Directions ▸
What is needed is an exact copy of the entries below, with every picture left out.

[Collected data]
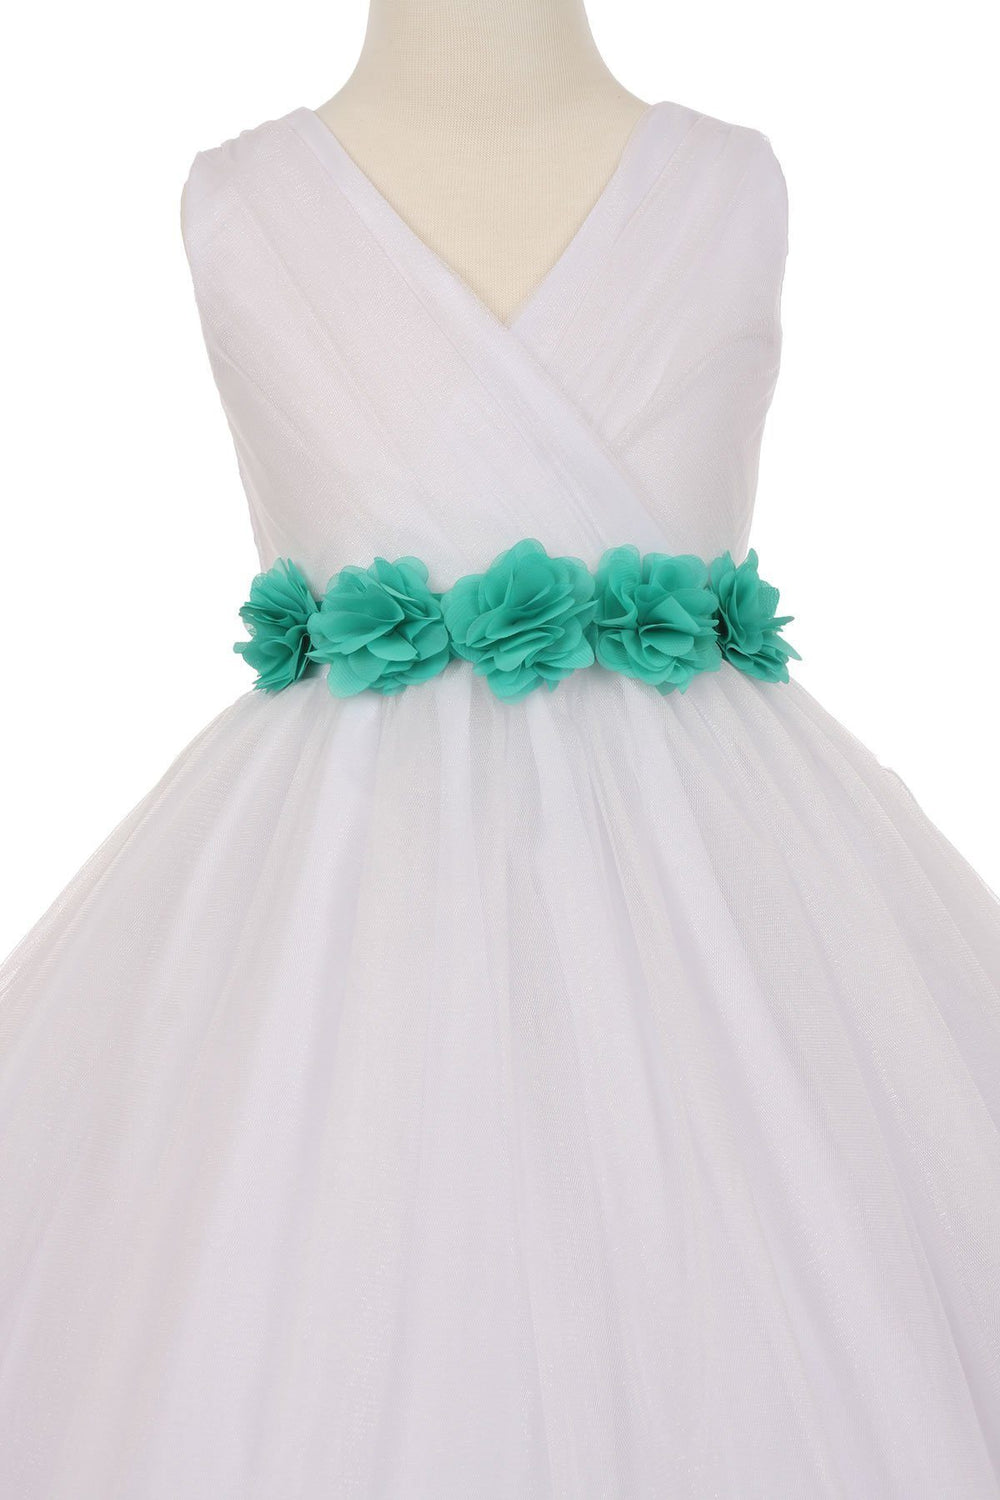 Girls Pleated White Tea Length Tulle Dress with Flower Sash-Girls Formal Dresses-ABC Fashion
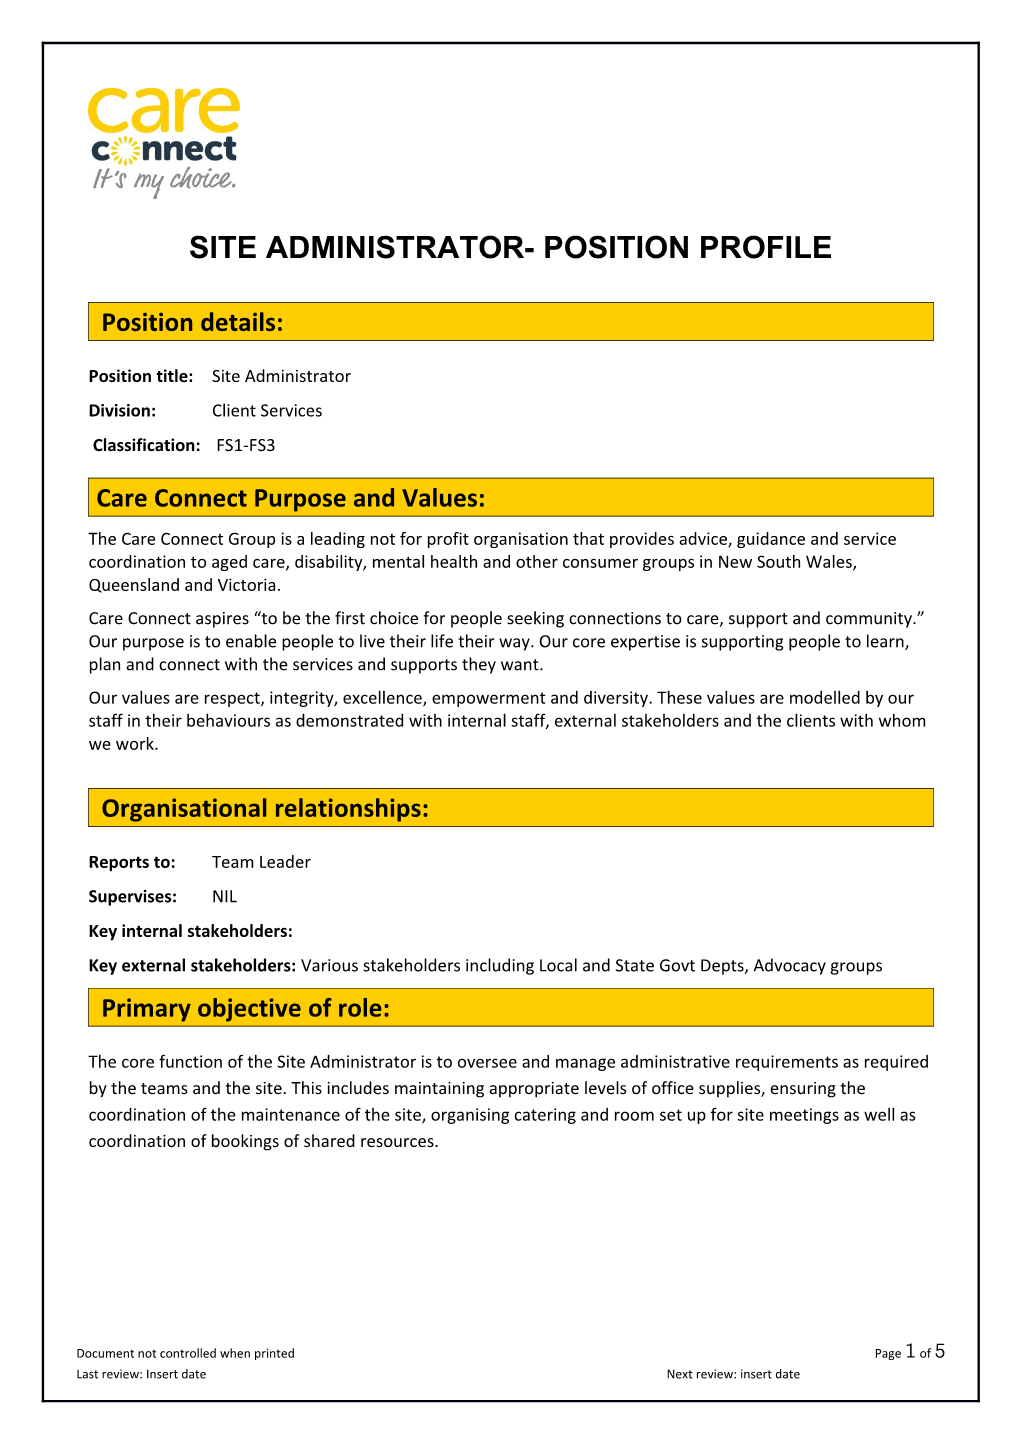 Site Administrator- Position Profile
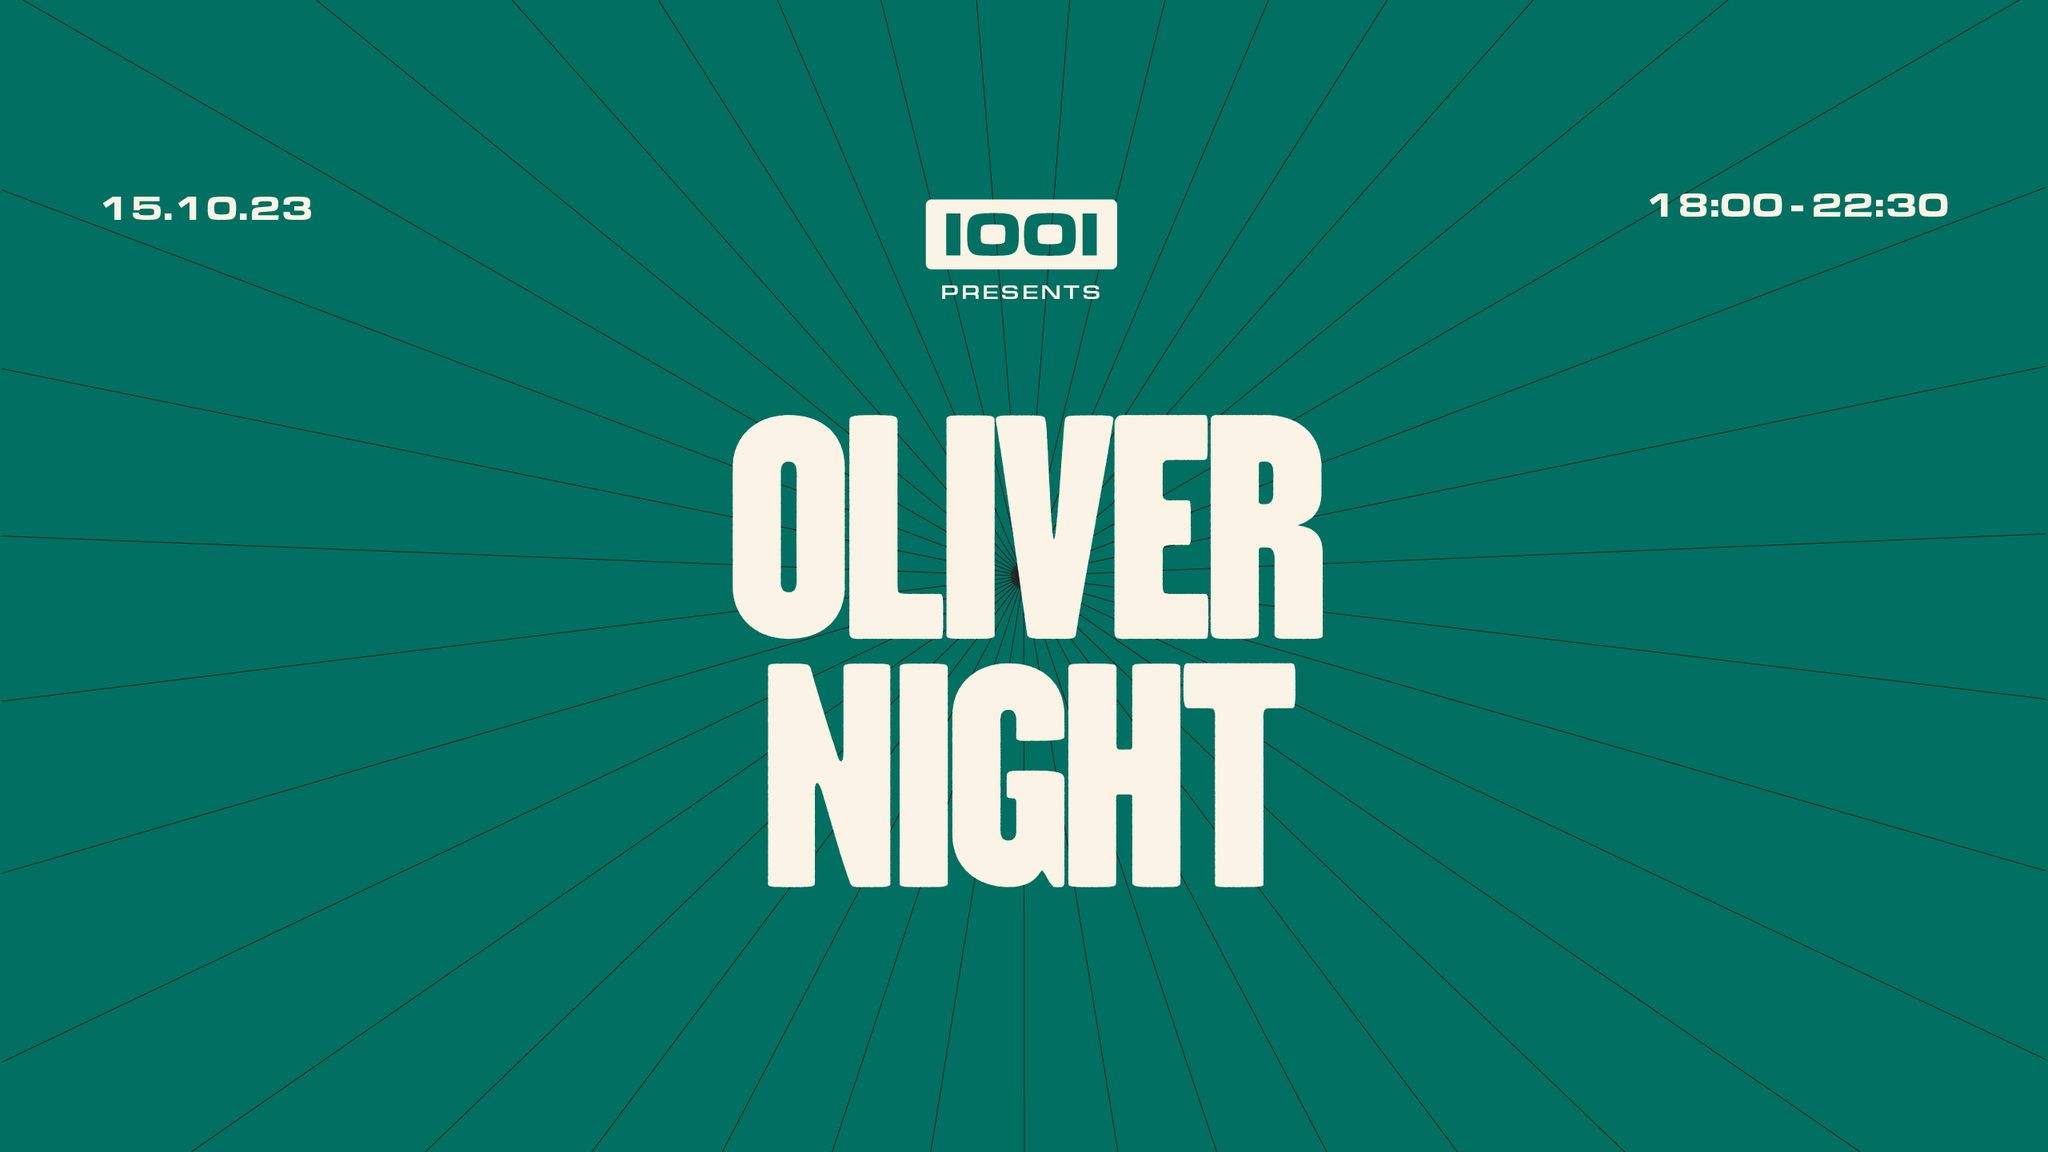 1001 presents Oliver Night - フライヤー表
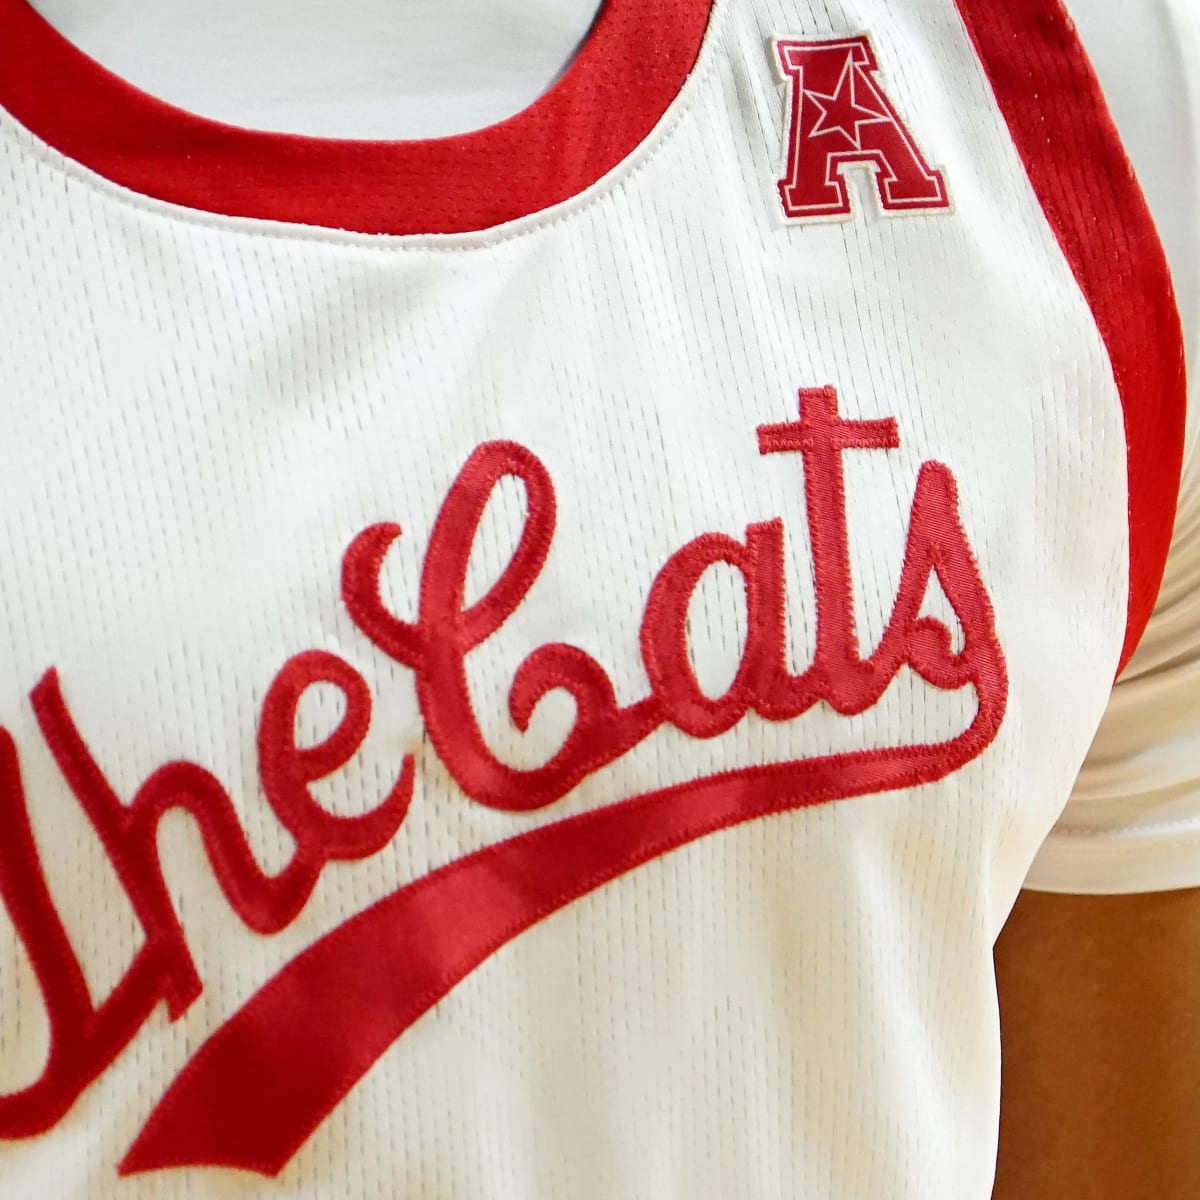 Cincinnati athletics reveals new red uniform line
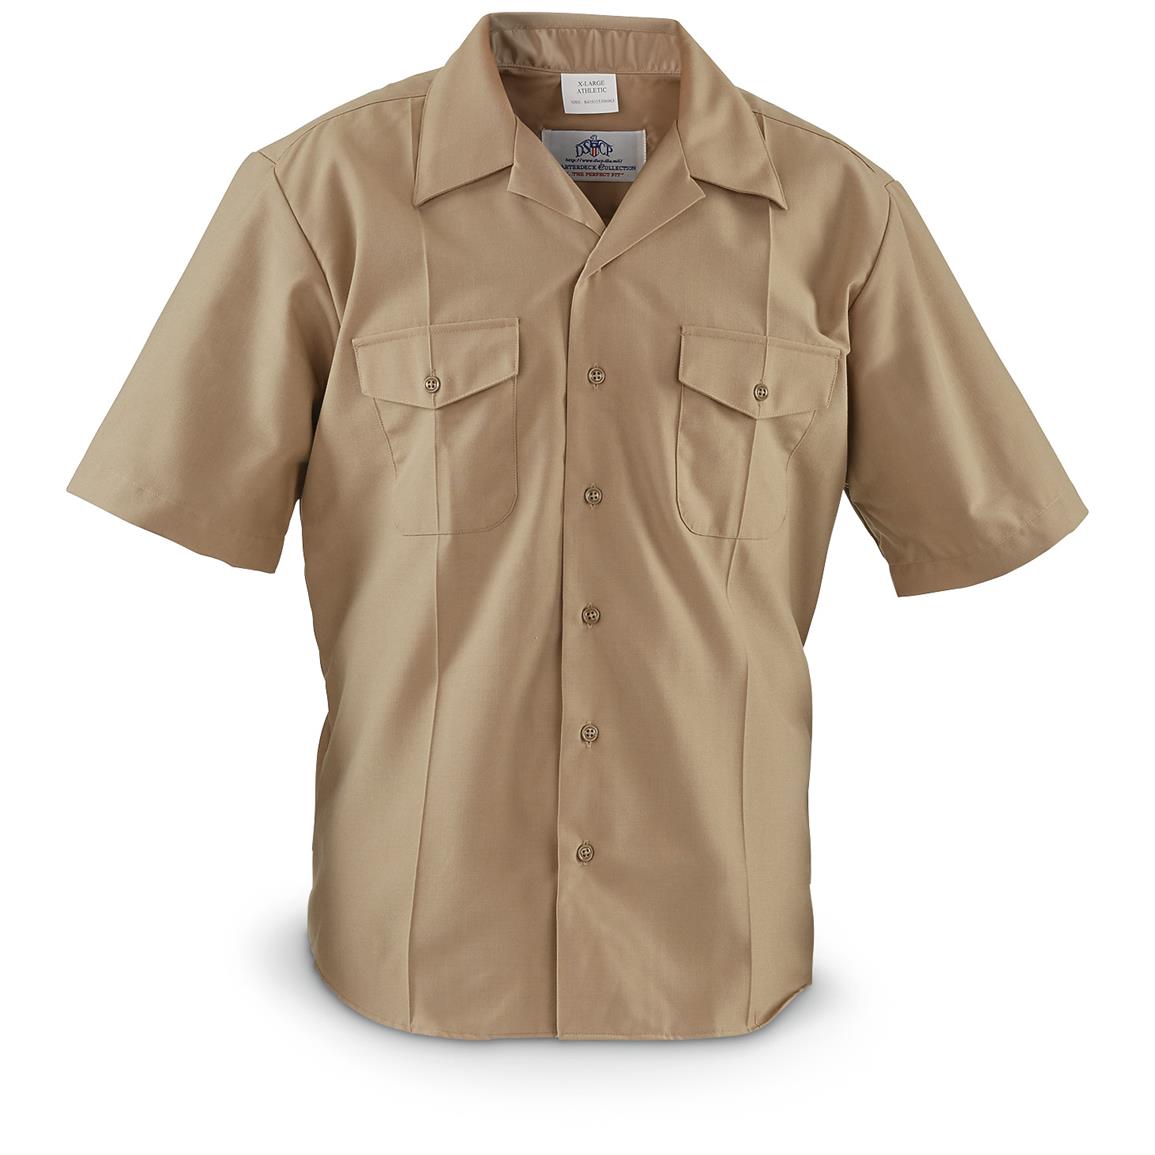 2 New Men's U.S. Navy Surplus Service Shirts in Larger Sizes - 633768 ...

Solution for this problem ▸
 Girls Pleated White Tea Length Tulle Dress with Flower Sash-Girls Formal Dresses-ABC Fashion
 Site Administrator- Position Profile
 1001 presents Oliver Night - フライヤー表
 Cincinnati athletics reveals new red uniform line
 2 New Men's U.S. Navy Surplus Service Shirts in Larger Sizes - 633768 ...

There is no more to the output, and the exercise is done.